U.S. Court of Appeals for the Eleventh Circuit, 2005

United States v. Oscar Argenis Mejias Morales

United States v. Oscar Argenis Mejias Morales
U.S. Court of Appeals for the Eleventh Circuit · Decided June 23, 2005 · Birch, Barkett, Kravttch
138 F. App'x 208

United States v. Oscar Argenis Mejias Morales

Opinion

PER CURIAM.

Oscar Argenis Mejias Morales appeals his sentence of fifty-seven months imposed following his guilty plea for importation of 100 grams or more of heroin, in violation of 21 U.S.C. § 952(a). He contends that the district court impermissibly found that his acquiescence to the government’s factual proffer at the plea colloquy was an admission of drug quantity and, therefore, his sentence based on this drug quantity was unconstitutional under United, States v. Booker, 543 U.S.-, 125 S.Ct. 738, 160 L.Ed.2d 621 (2005).

Morales agreed to plead guilty to one count of importation of 100 grams or more of heroin, in violation of 21 U.S.C. § 952(a). The plea agreement did not limit Morales’s right to appeal his conviction or sentence.

At the change-of-plea hearing, the government stated that it could prove that, upon arrival at Miami International Airport on a flight from Venezuela, Morales was selected for secondary inspection by Customs, where officials found a white powdery substance in two pair of shoes and the binder of a book.
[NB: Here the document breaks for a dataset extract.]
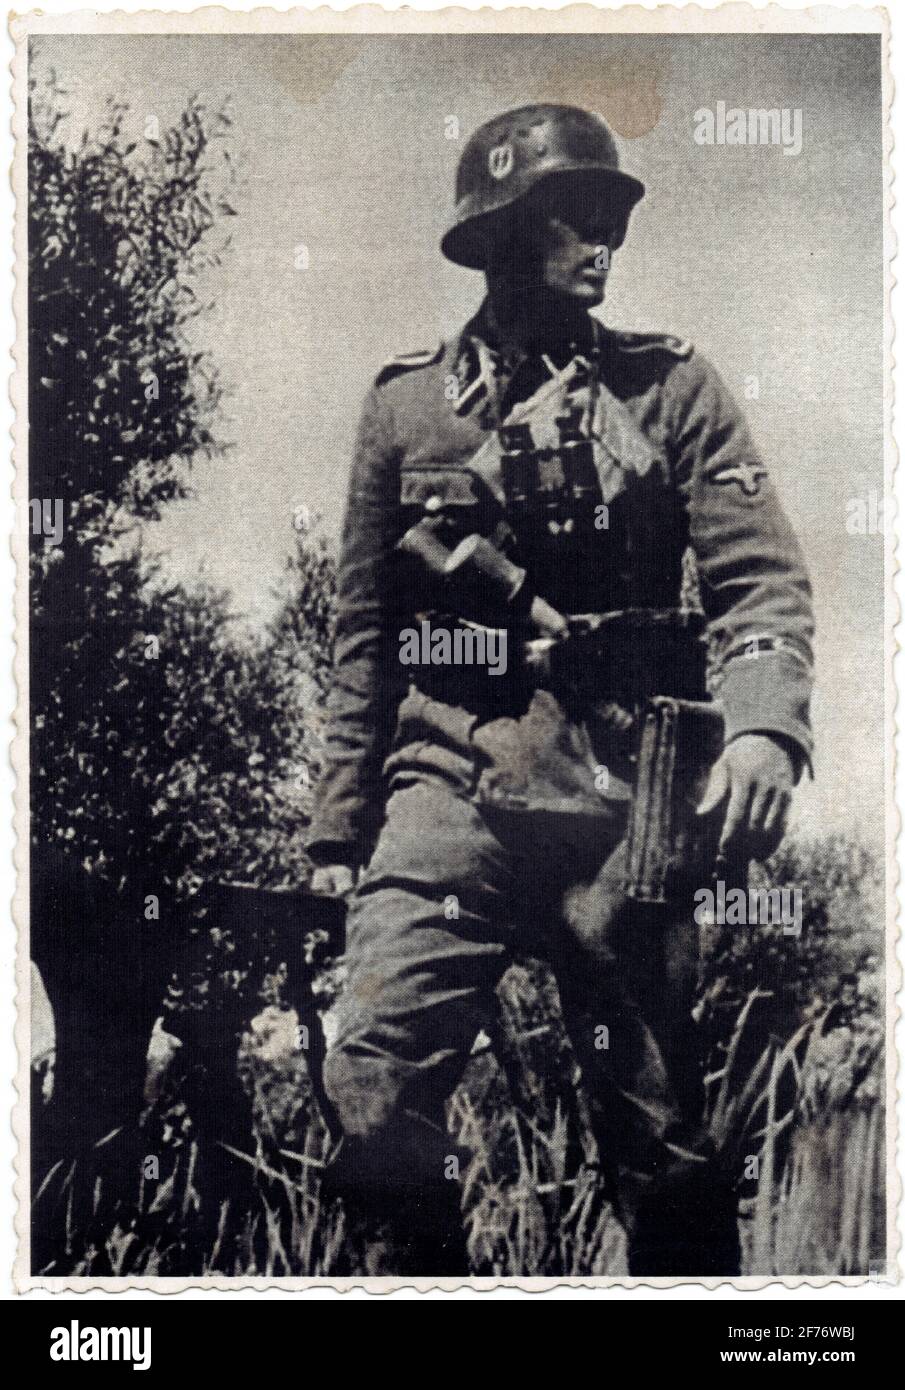 sous-officier de la Waffen SS Stock Photo

The substance tested positive for heroin totaling 988.6 grams. Morales admitted that the factual proffer was correct and he entered a plea of guilty, which the court accepted.

The probation officer prepared a presentence investigation report (“PSI”), recommending a base offense level of thirty un *210 der U.S.S.G. § 2D1.1(c)(5) given the 988.6 grams of heroin involved. The probation officer recommended that this level be decreased by two levels under the safety-valve provision, and by three levels based on Morales’s acceptance of responsibility, U.S.S.G. § 3E1.1. With an adjusted offense level of twenty-five, and a criminal history category I, Morales’s guidelines range was fifty-seven to seventy-one months imprisonment.

Morales objected to the PSI on the grounds that, under Blakely v. Washington, 542 U.S.-, 124 S.Ct. 2531, 159 L.Ed.2d 403 (2004), his base offense level should have been 26 because the indictment charged only 100 grams or more of heroin. At sentencing, the court overruled the objection, finding that Morales’s acceptance of the factual proffer at the plea colloquy established the drug quantity for sentencing purposes. The court then adopted the PSI’s factual findings and guidelines calculations and sentenced Morales to fifty-seven months imprisonment and three years supervised release.

We review preserved Booker errors de novo, but “will reverse only for harmful error.” See United States v. Mathenia, 409 F.3d 1289 (11th Cir. 2005).

In Booker, the Supreme Court reiterated its previous holding that, “[a]ny fact (other than a prior conviction) which is necessary to support a sentence exceeding the maximum authorized by the facts established by a plea of guilty or a jury verdict must be admitted by the defendant or proved to a jury beyond a reasonable doubt.” 125 S.Ct. at 749, 756. The Court then determined that the mandatory nature of the sentencing guidelines was incompatible with its constitutional holding, and, therefore, the guidelines could be advisory only. The Court, however, explained that although the guidelines were advisory only, courts should consider the guidelines in addition to the sentencing factors in 18 U.S.C. § 3553(a), in determining a reasonable sentence. 125 S.Ct. at 756-57, 764.

Here, Morales stipulated to the drug quantity. Therefore, there is no constitutional error in the imposition of his sentence. See United States v. Burge, 407 F.3d 1183 (11th Cir. 2005).

Although there is no Sixth Amendment violation in this case, there is statutory error because the court imposed sentence under a mandatory guideline scheme. Thus, the burden falls on the government to show that the error was harmless. Mathenia, slip op. at 2328-29. “A non-constitutional error is harmless if, viewing the proceedings in their entirety, a court determines that the error did not affect the sentence, or had but very slight effect.” 1 Id. (citations and quotations omitted).

Here, we cannot say that the government has met its burden to show that the error was harmless. The court sentenced Morales at the low end of the guidelines range, and we do not know that the court would have imposed the same sentence had it known that the sentencing guidelines were advisory only. Because we do not know, the government has not met its burden. United States v. Petho, 409 F.3d 1277 (11th Cir. 2005); United States v. Davis, 407 F.3d 1269 (11th Cir. 2005).

Accordingly, we VACATE and REMAND for resentencing.

1

. The heightened "beyond a reasonable doubt” test applies to harmless error cases involving constitutional errors. United States v. Robles, 408 F.3d 1324 (11th Cir. 2005). Here, there is statutory, but not constitutional, error.